170th Doge of the Republic of Genoa
- In office 16 February 1769 – 26 January 1771
- Preceded by: Marcello Durazzo
- Succeeded by: Giovanni Battista Cambiaso

Personal details
- Born: 22 April 1714 Genoa, Republic of Genoa
- Died: 26 January 1771 (aged 56) Genoa, Republic of Genoa

= Giovanni Battista Negrone =

Doge of the Republic of Genoa

Giovanni Battista Negrone (22 April 1714 in Genoa – 26 January 1771 in Genoa) was the 170th Doge of the Republic of Genoa.

== Biography ==
On 16 February 1769 the Grand Council elected Battista Negrone the new Doge of Genoa, the one hundred and twenty-fifth in biennial succession and the one hundred and seventieth in the history of the Republic of Genoa. The coronation took place in the Genoa Cathedral on 11 June.

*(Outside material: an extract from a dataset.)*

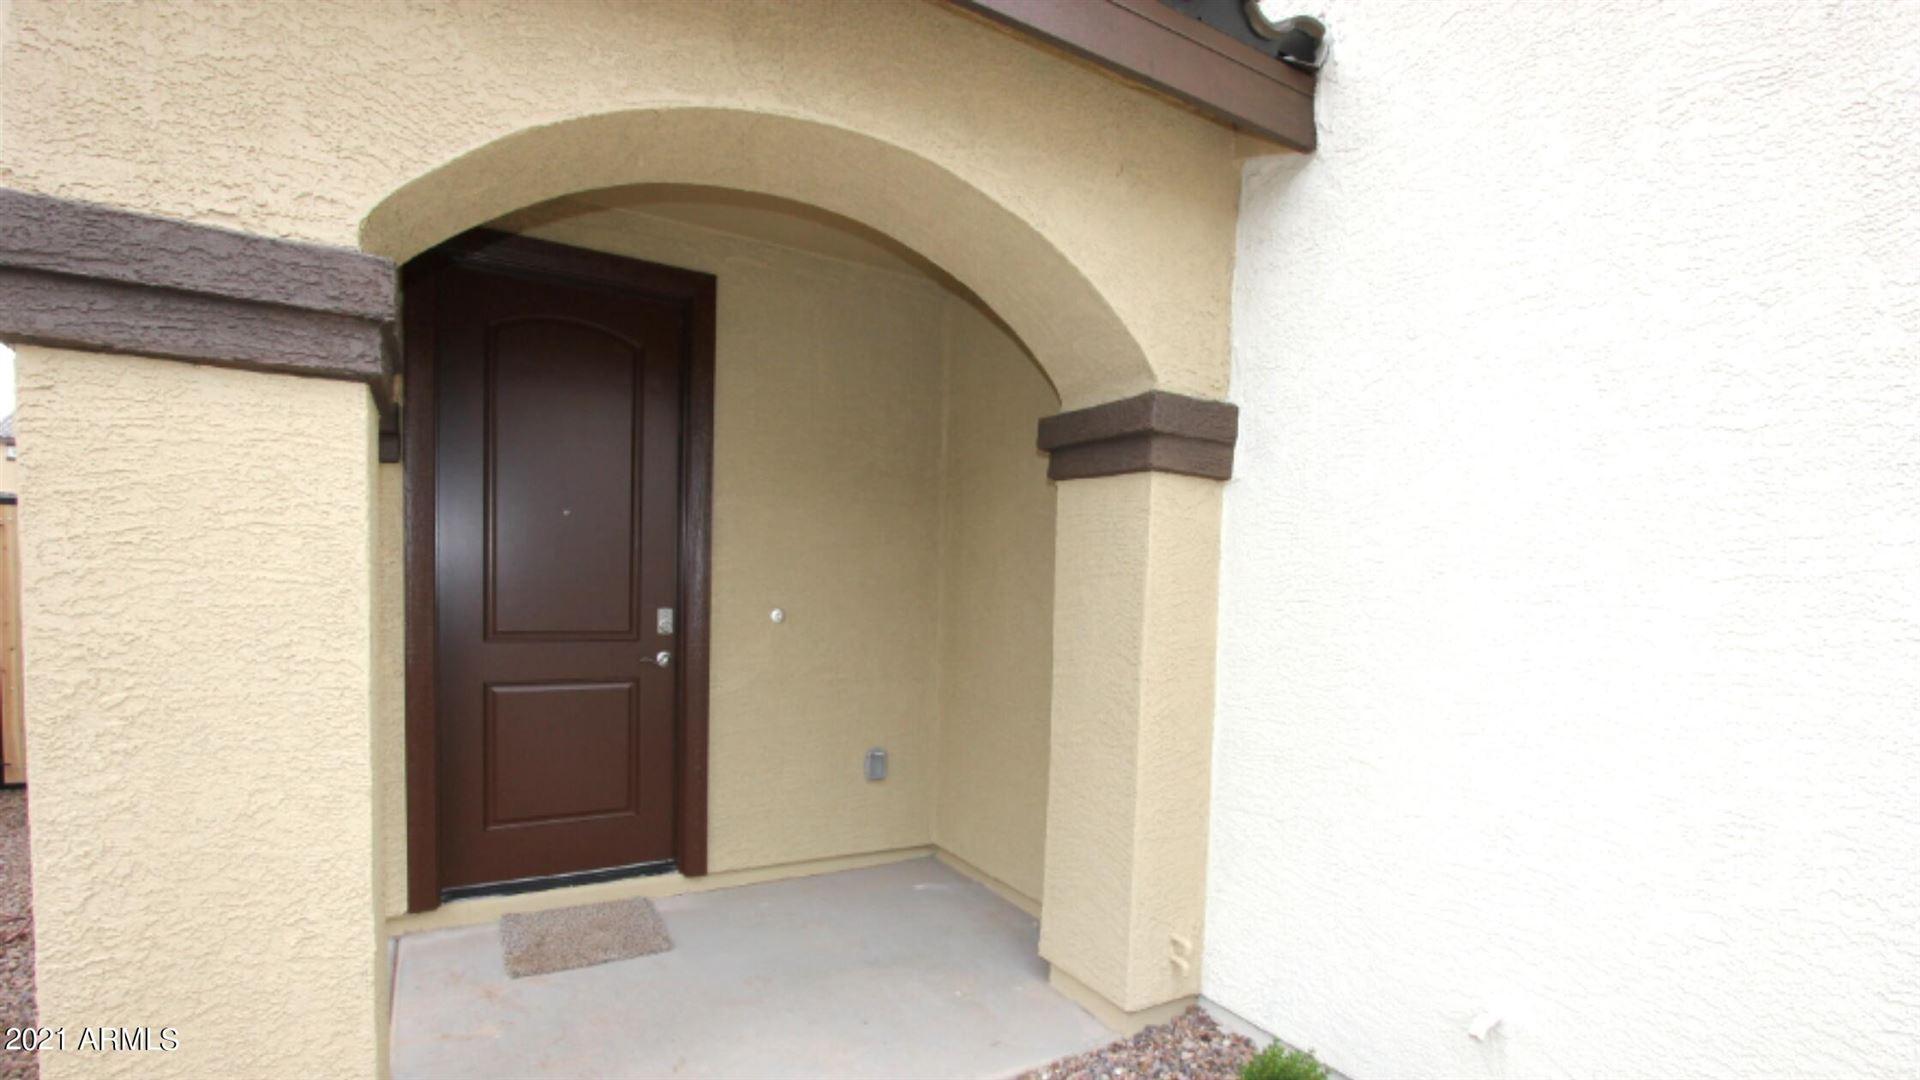 Photo of 1273 N ARIZONA Avenue, Chandler, AZ 85225 (MLS # 6232089)

The Doge's mandate authorised the abolition of the cloistered prisons, which were followed by their relative demolitions. The repeal of torture, despite the support of Doge Negrone and the approval with full marks from the colleges, nevertheless found the opposition of the supreme trade unions.

Almost at the end of the two-year period of his position in office, the Doge Giovanni Battista Negrone fell ill on 26 January 1771. It was the archbishop Giovanni Lercari who administered in communion to him as requested by the Doge himself.

Assisted by various priests and his personal confessor, he died on the evening of 26 January 1771.